## YOUR INSTRUCTIONS
Reproduce every line of the material below, but drop the pictures.

## DATA BLOCK
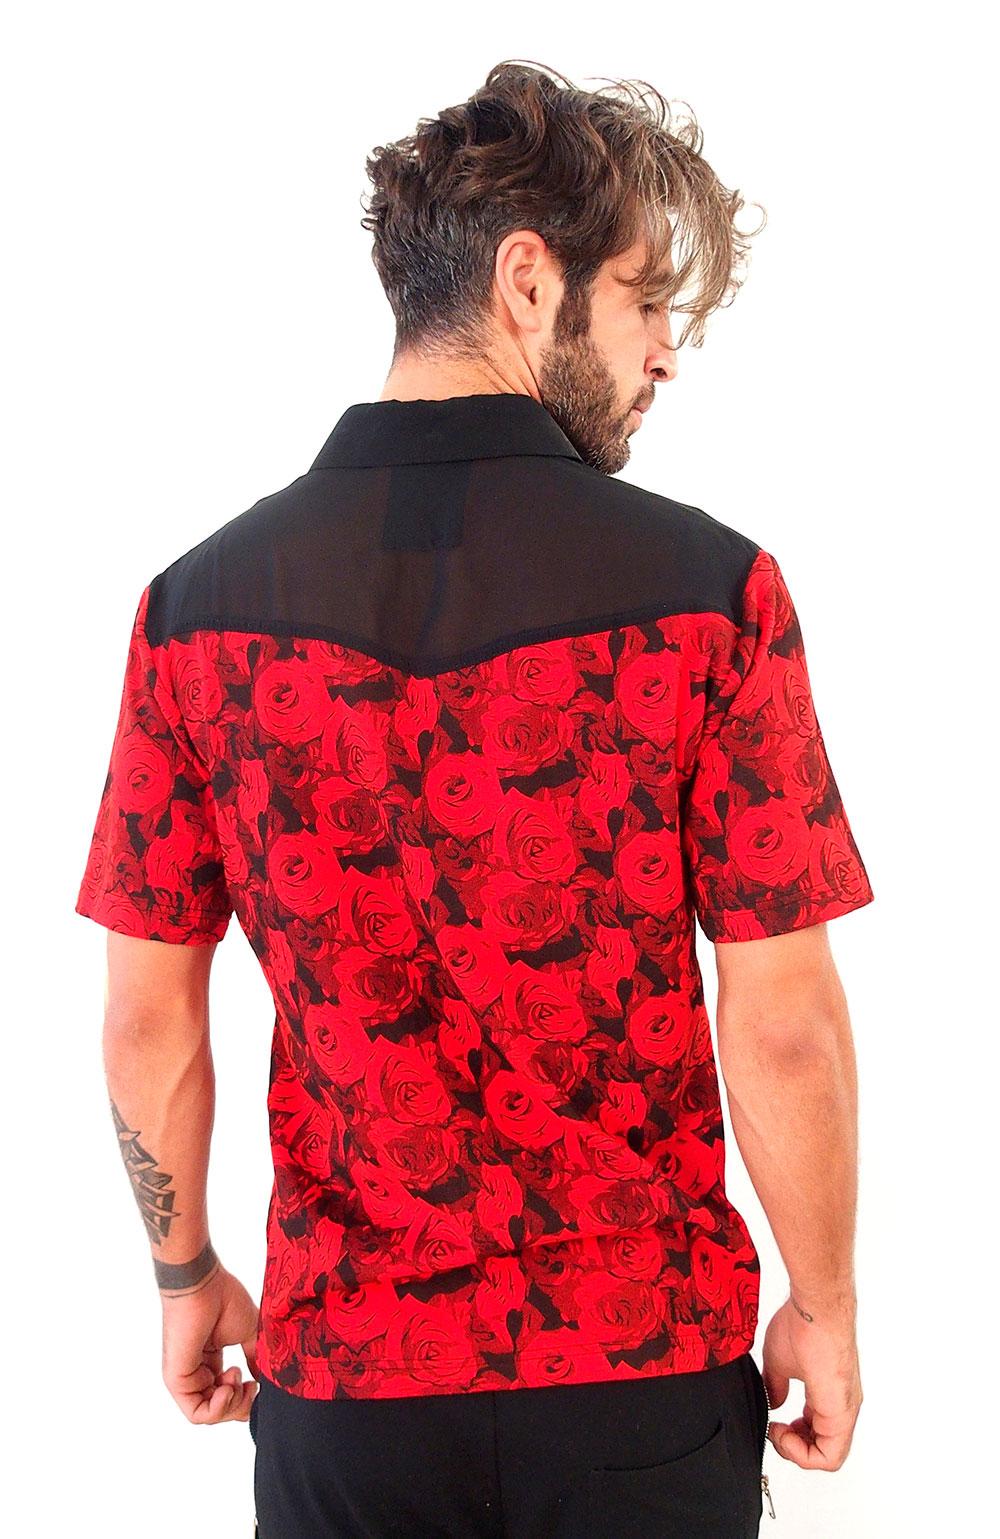 mens dress T-shirt red floral jersey and black silk Hi-Tek
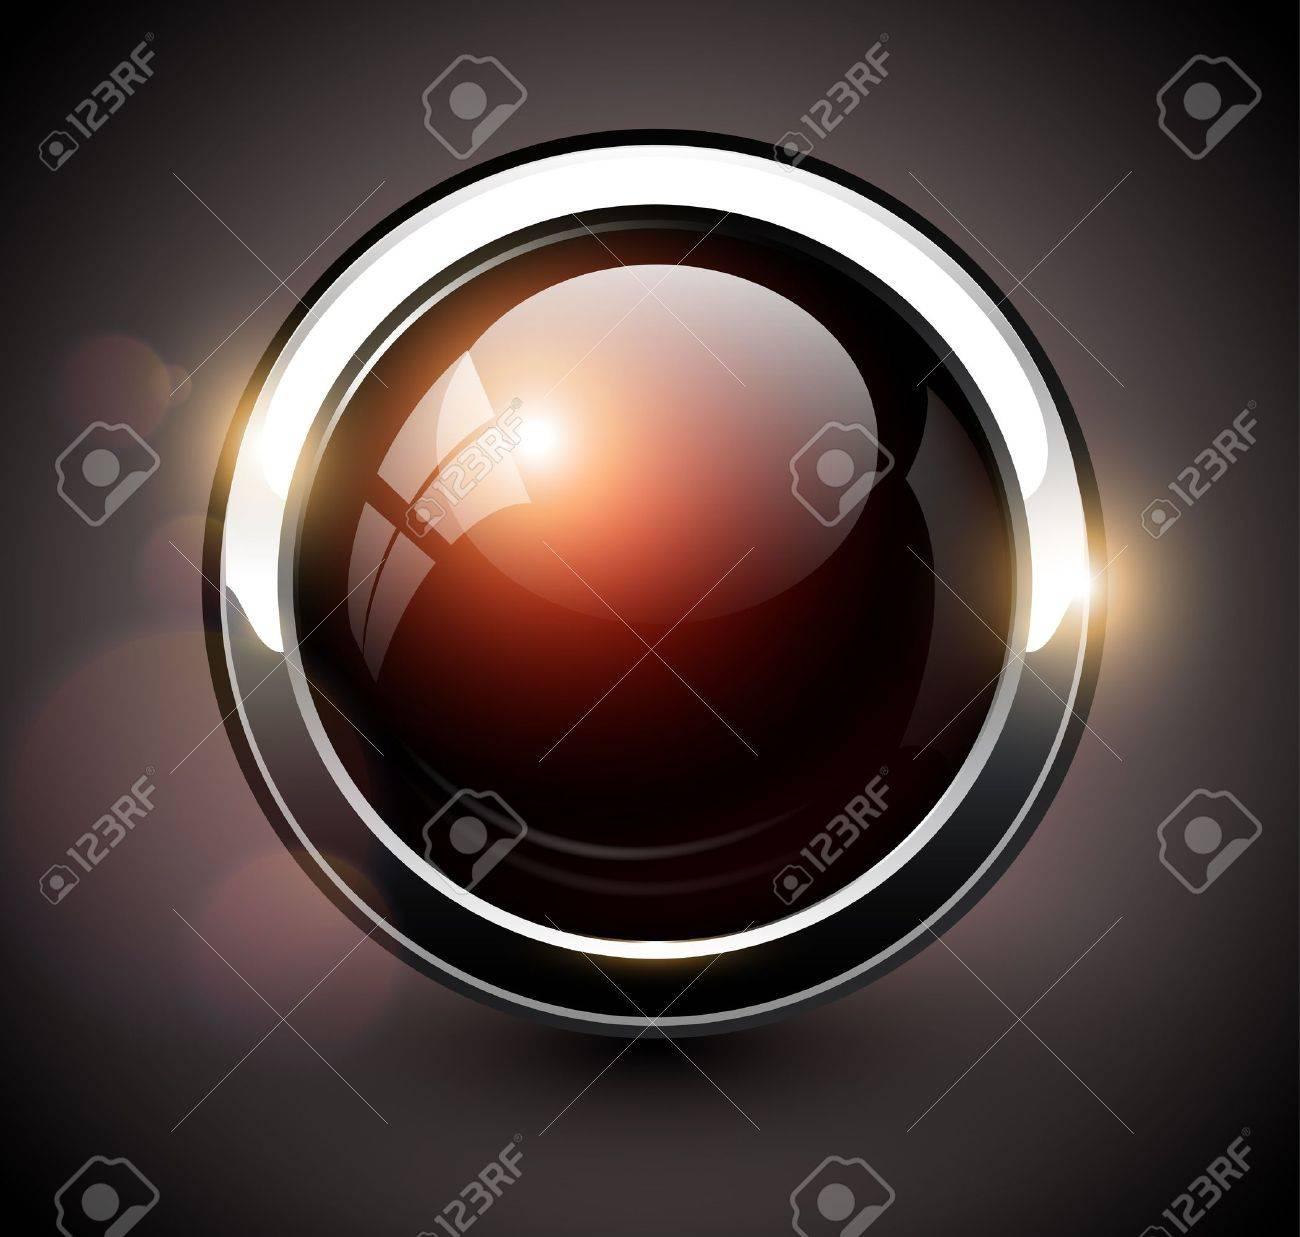 Elegant shiny button with metallic elements, vector design for website. Stock Vector - 17105978
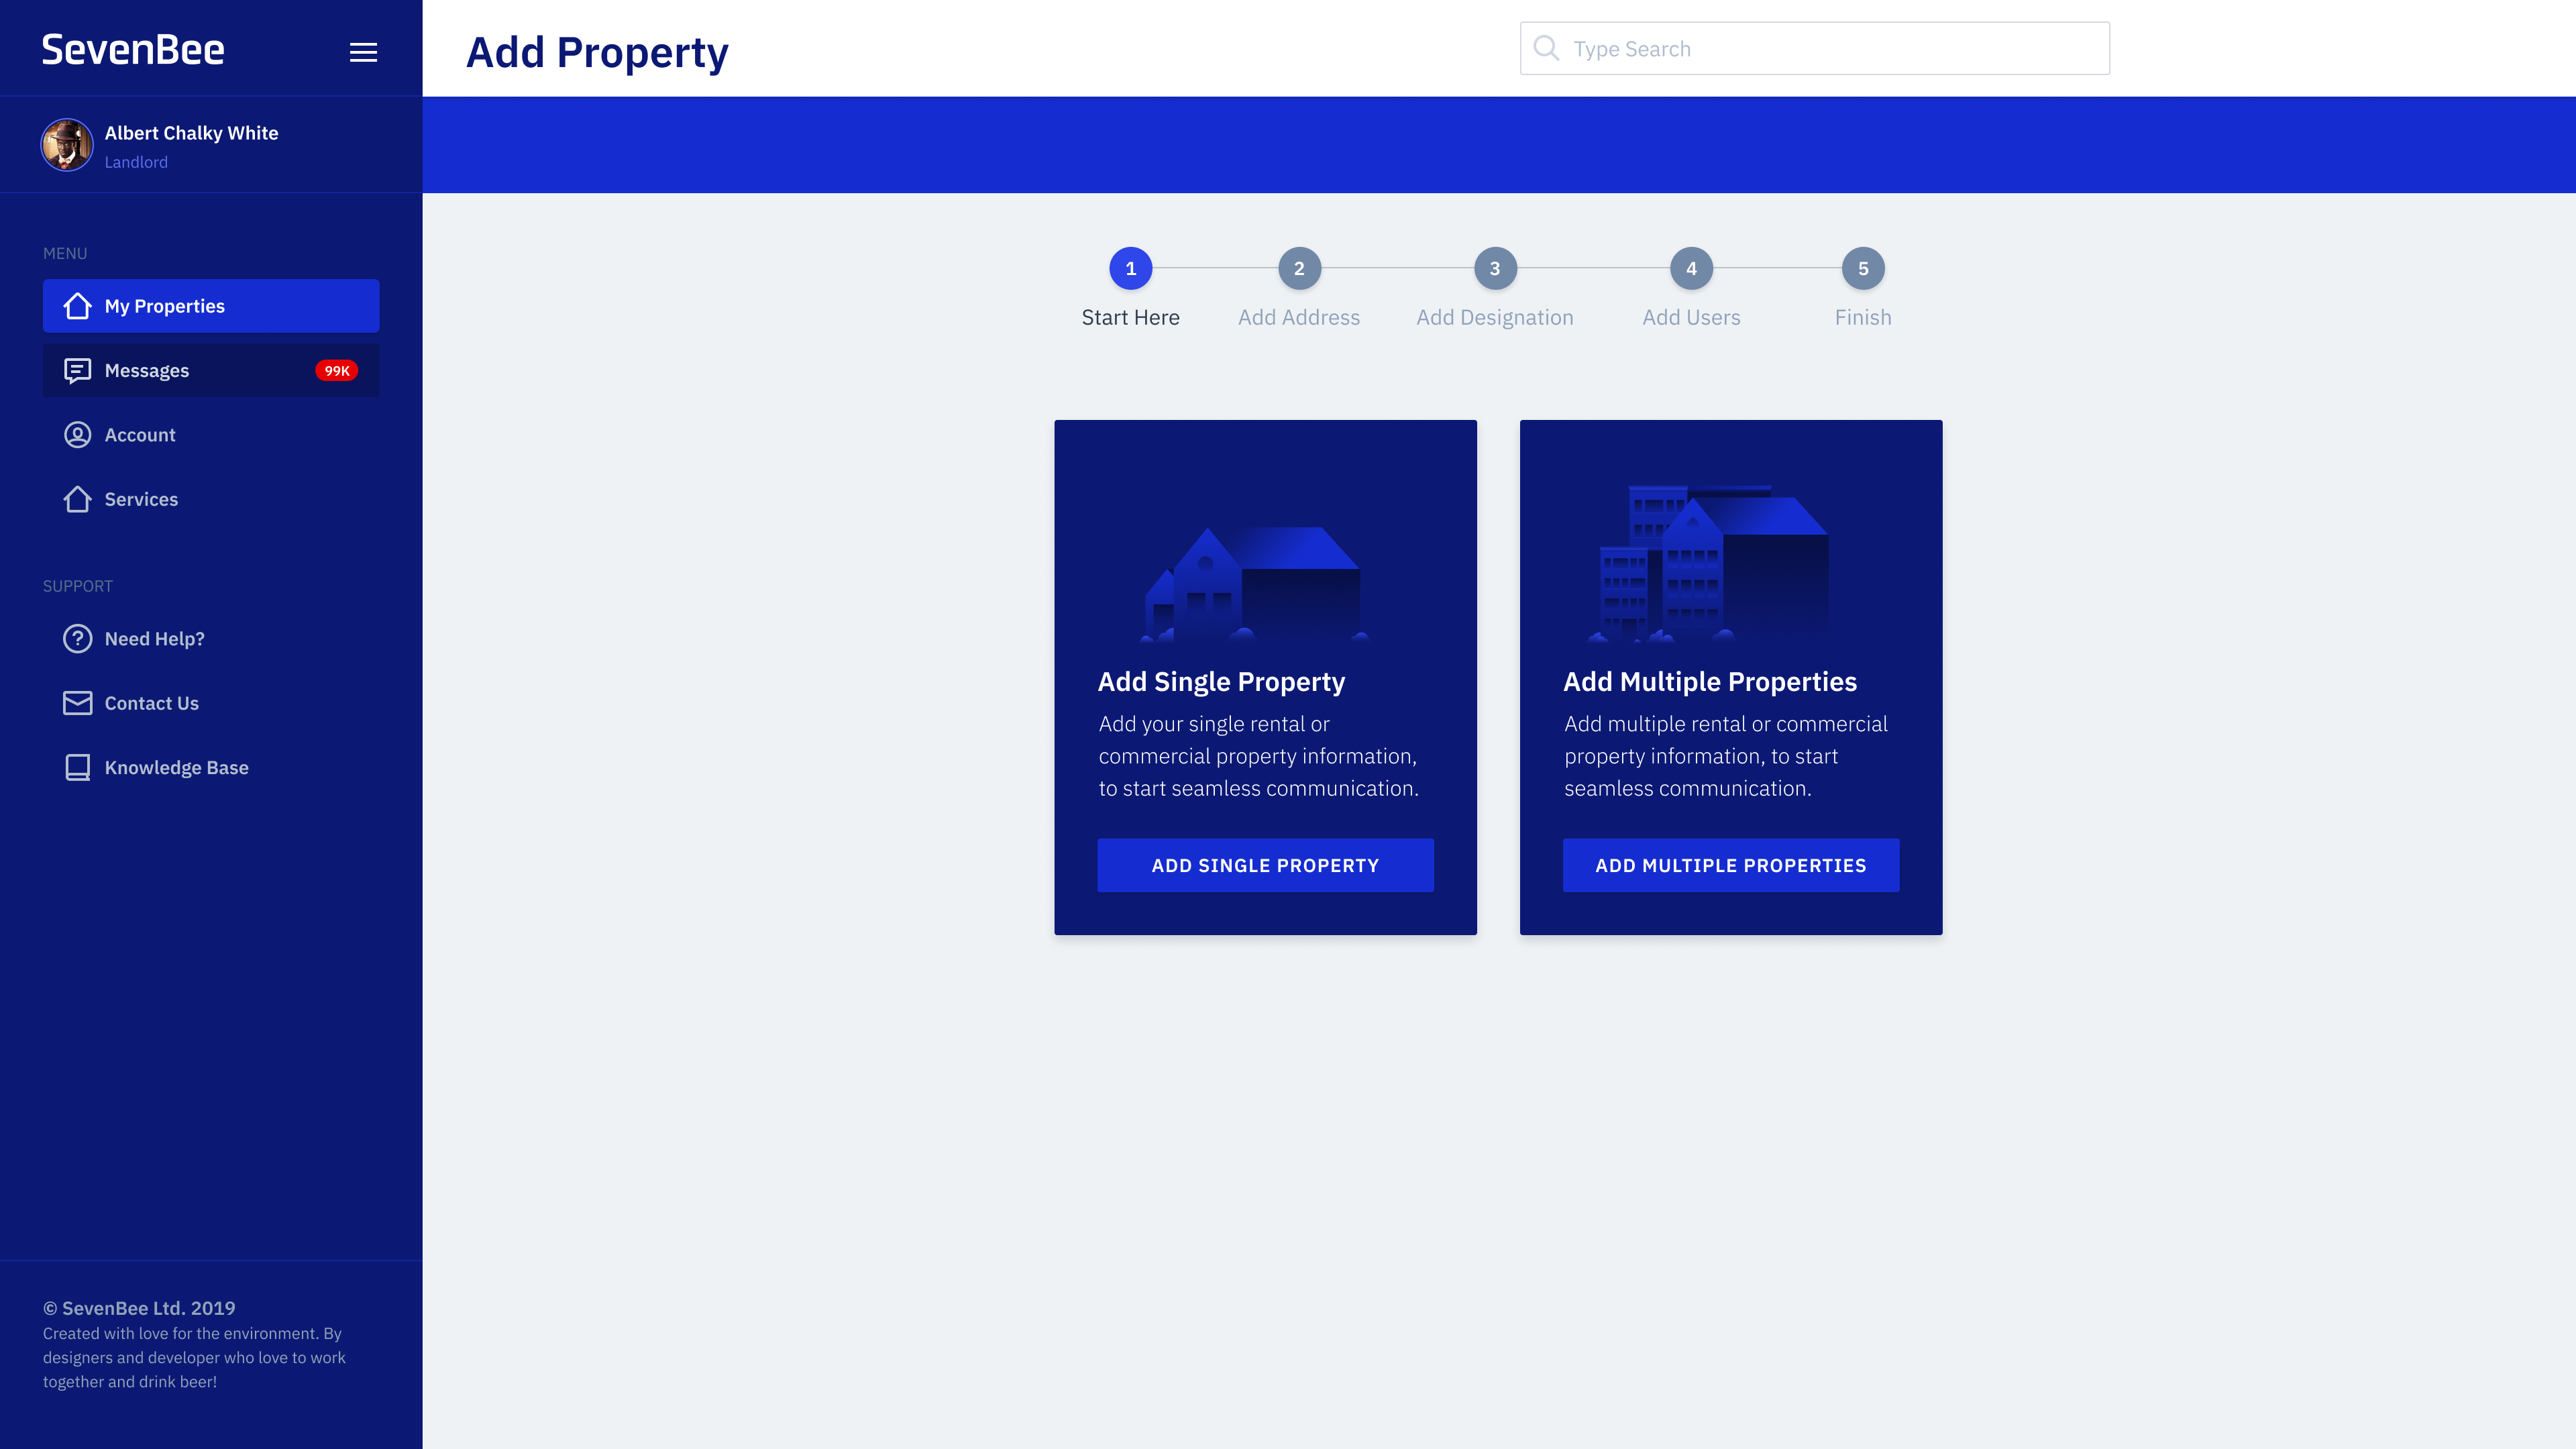 Add-Property

## TASK SOLUTION
 mens dress T-shirt red floral jersey and black silk Hi-Tek
 Elegant shiny button with metallic elements, vector design for website. Stock Vector - 17105978
 Add-Property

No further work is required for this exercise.